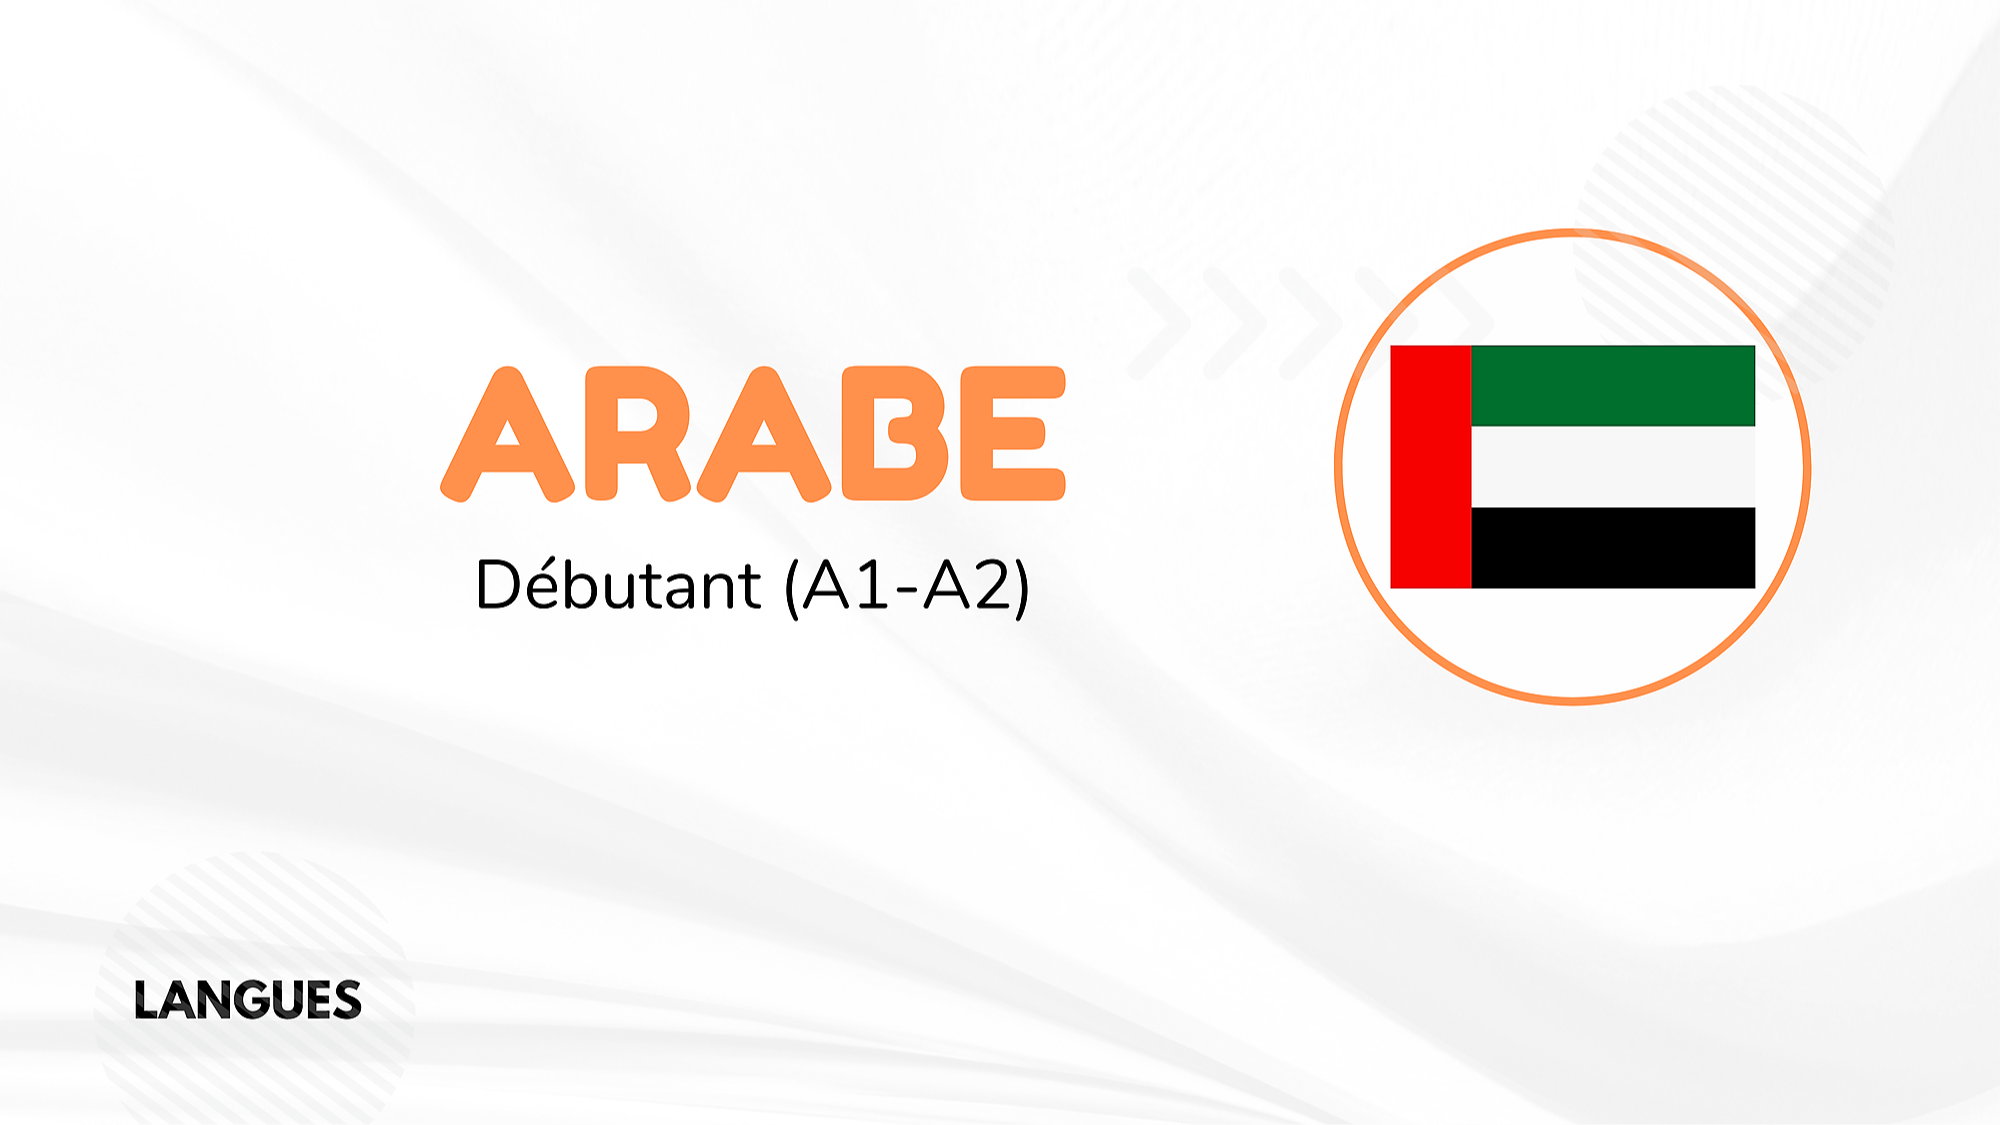 Représentation de la formation : ARABE - DÉBUTANT (A1-A2)
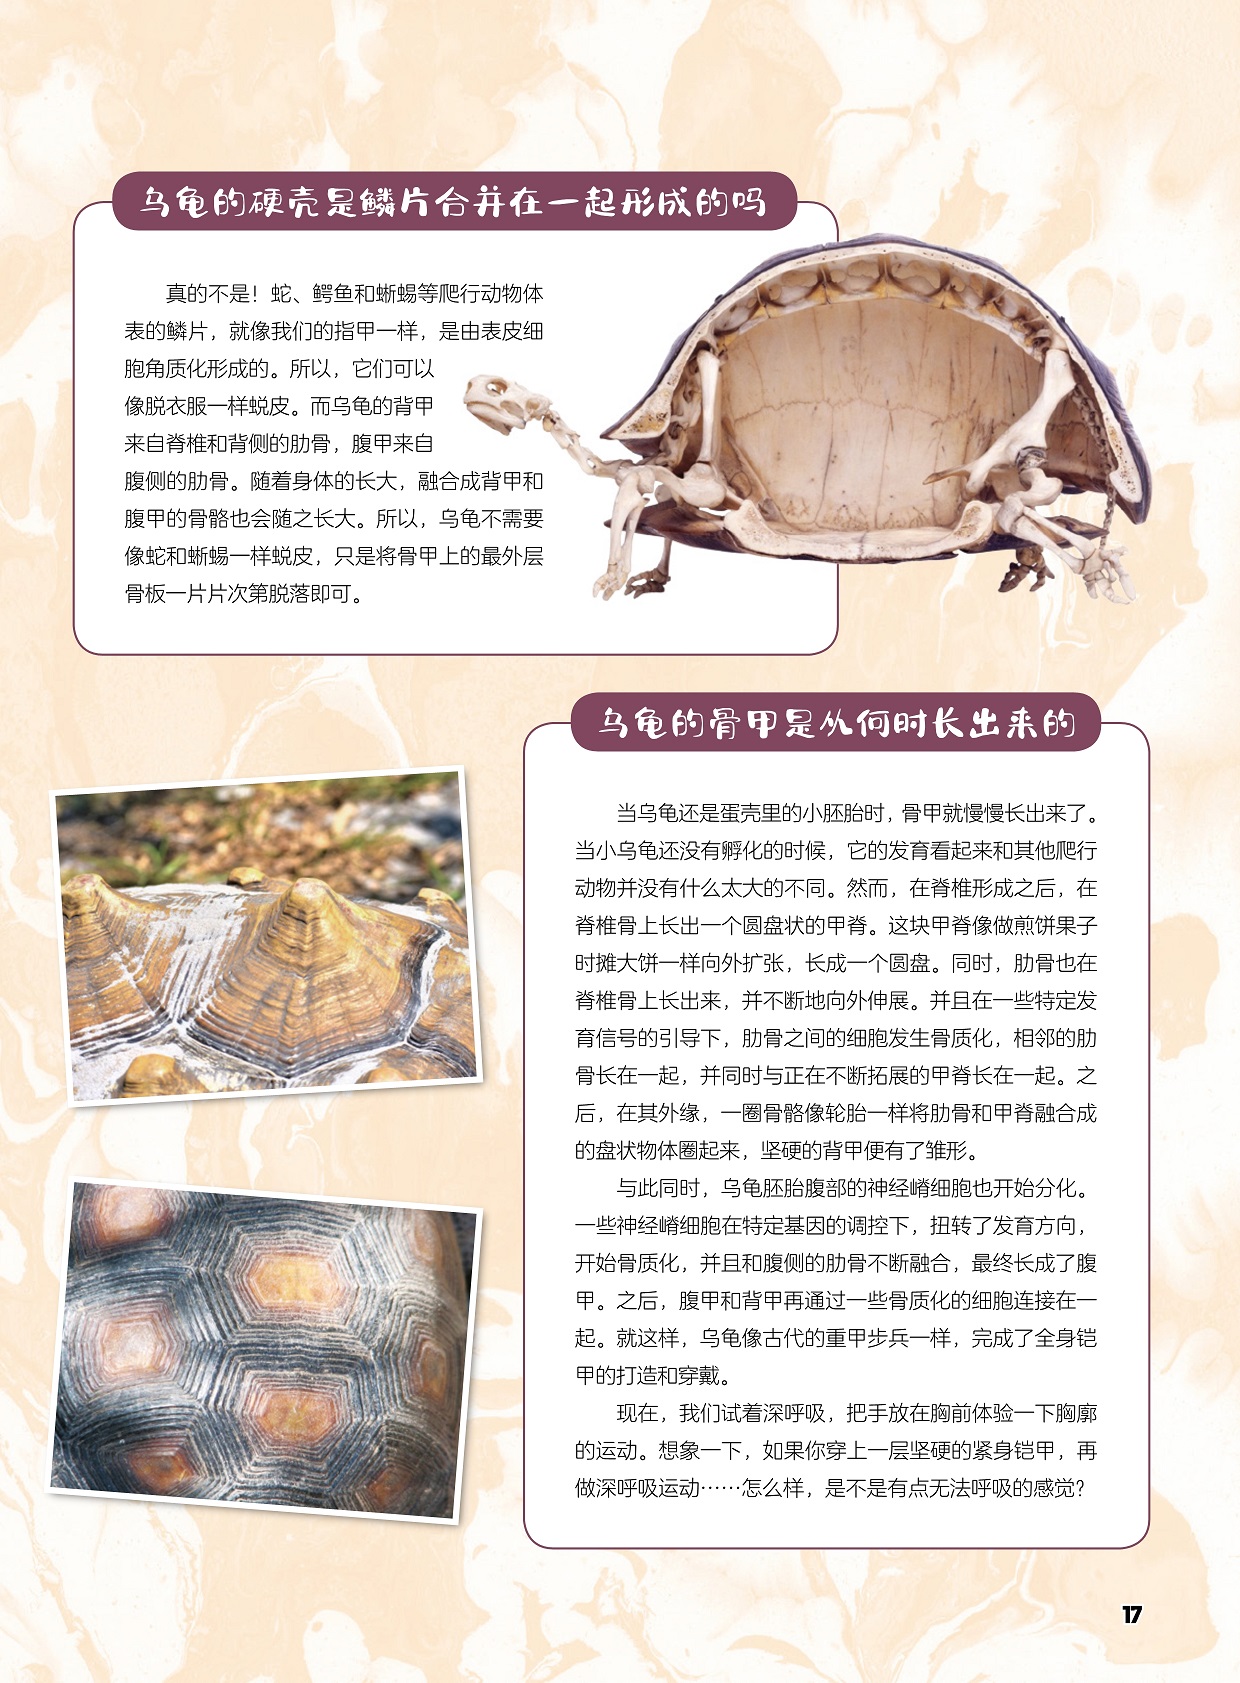 乌龟的硬壳是鳞片不是合并在一起形成的,乌龟的骨甲是从何时长出来的
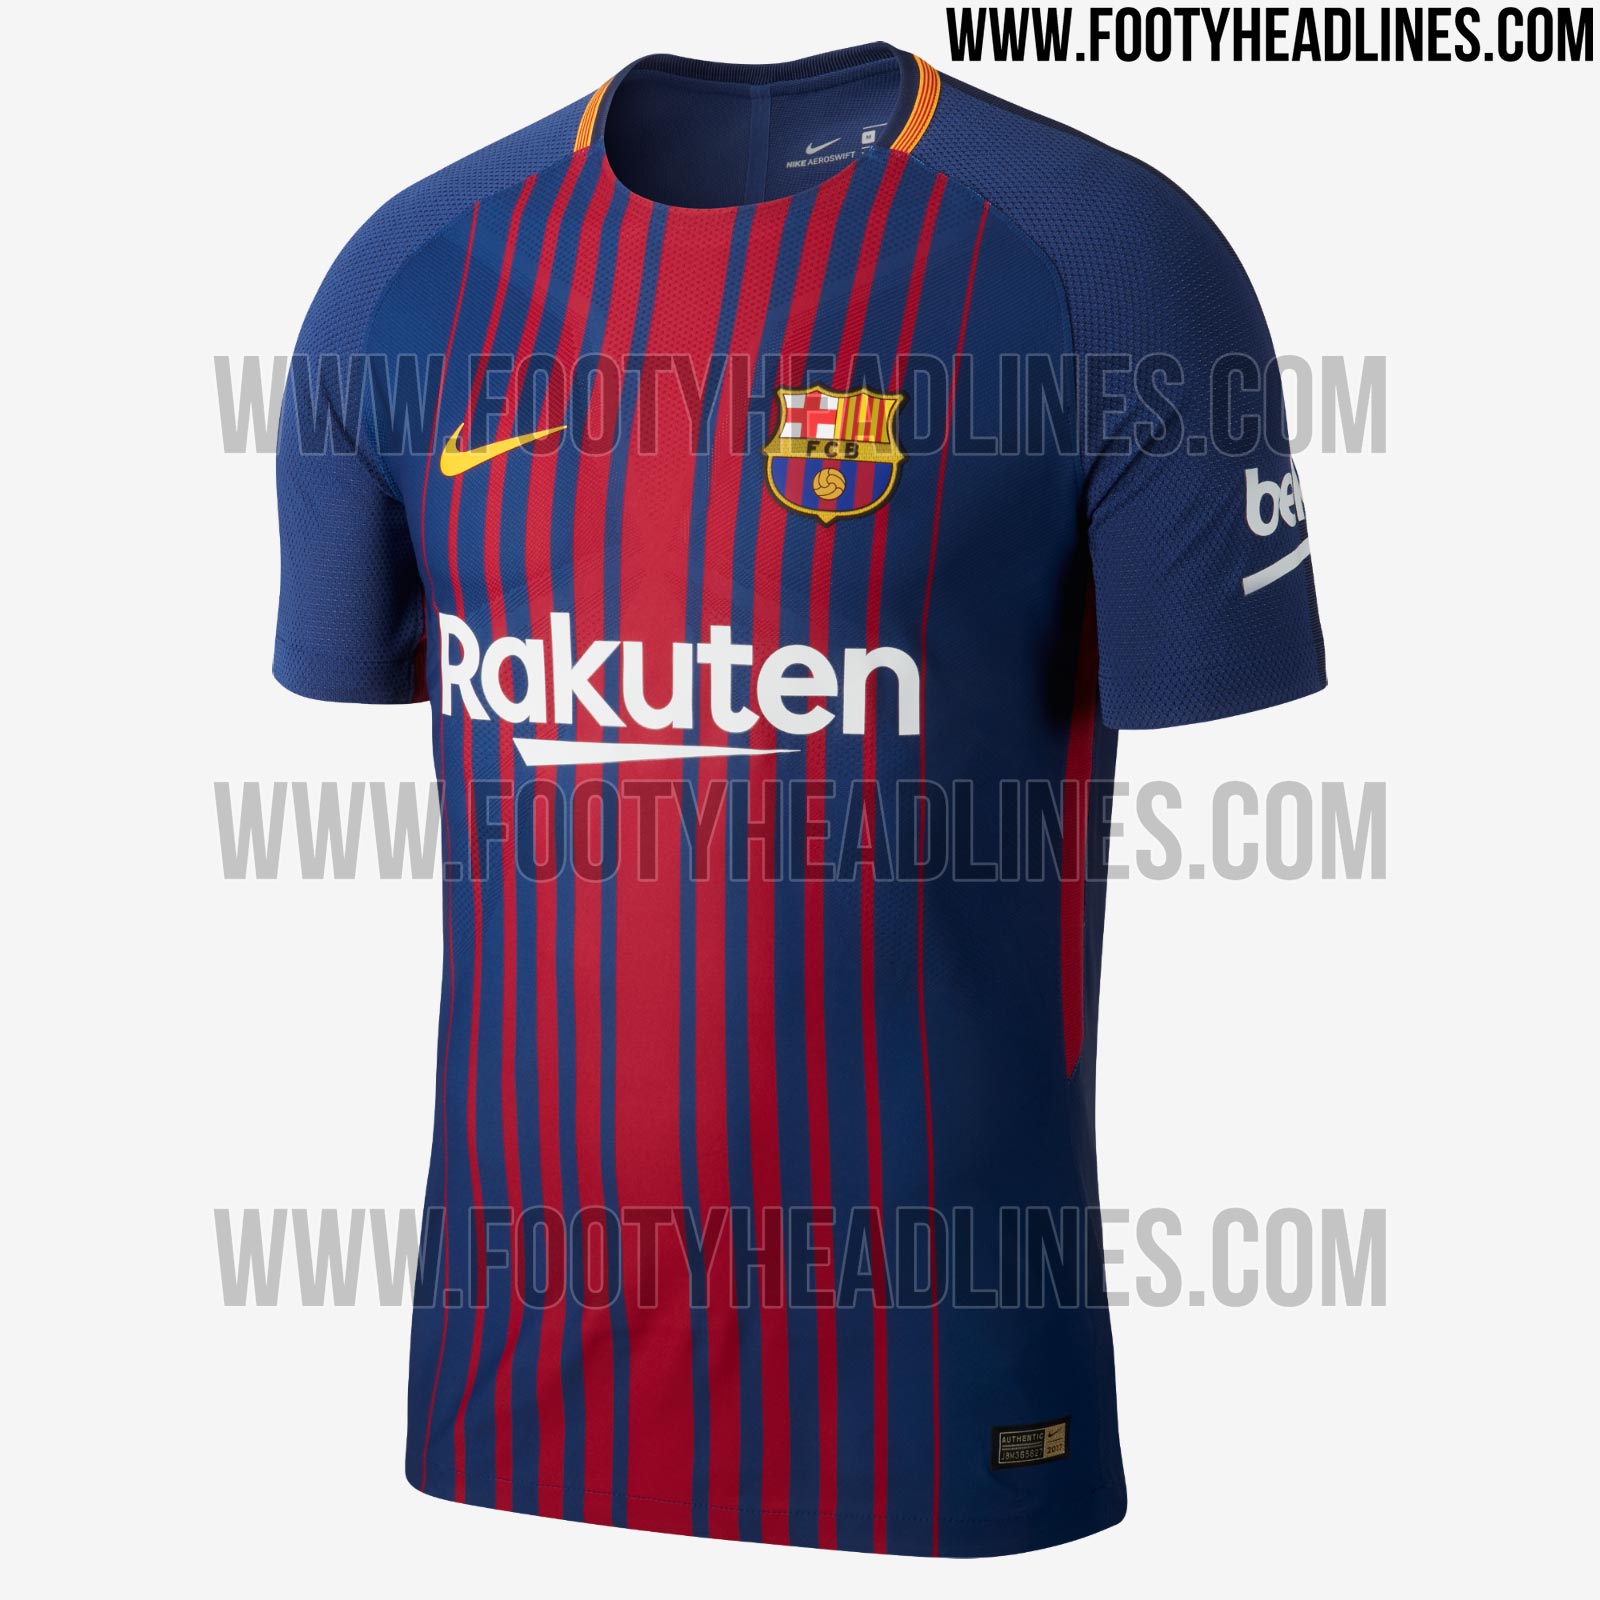 barcelona-17-18-home-kit-1.jpg

ASSIGNED TASK: Give back the full listing above word for word, and let no picture through.

SOLUTION:
 Représentation de la formation : ARABE - DÉBUTANT (A1-A2)
 乌龟的硬壳是鳞片不是合并在一起形成的,乌龟的骨甲是从何时长出来的
 barcelona-17-18-home-kit-1.jpg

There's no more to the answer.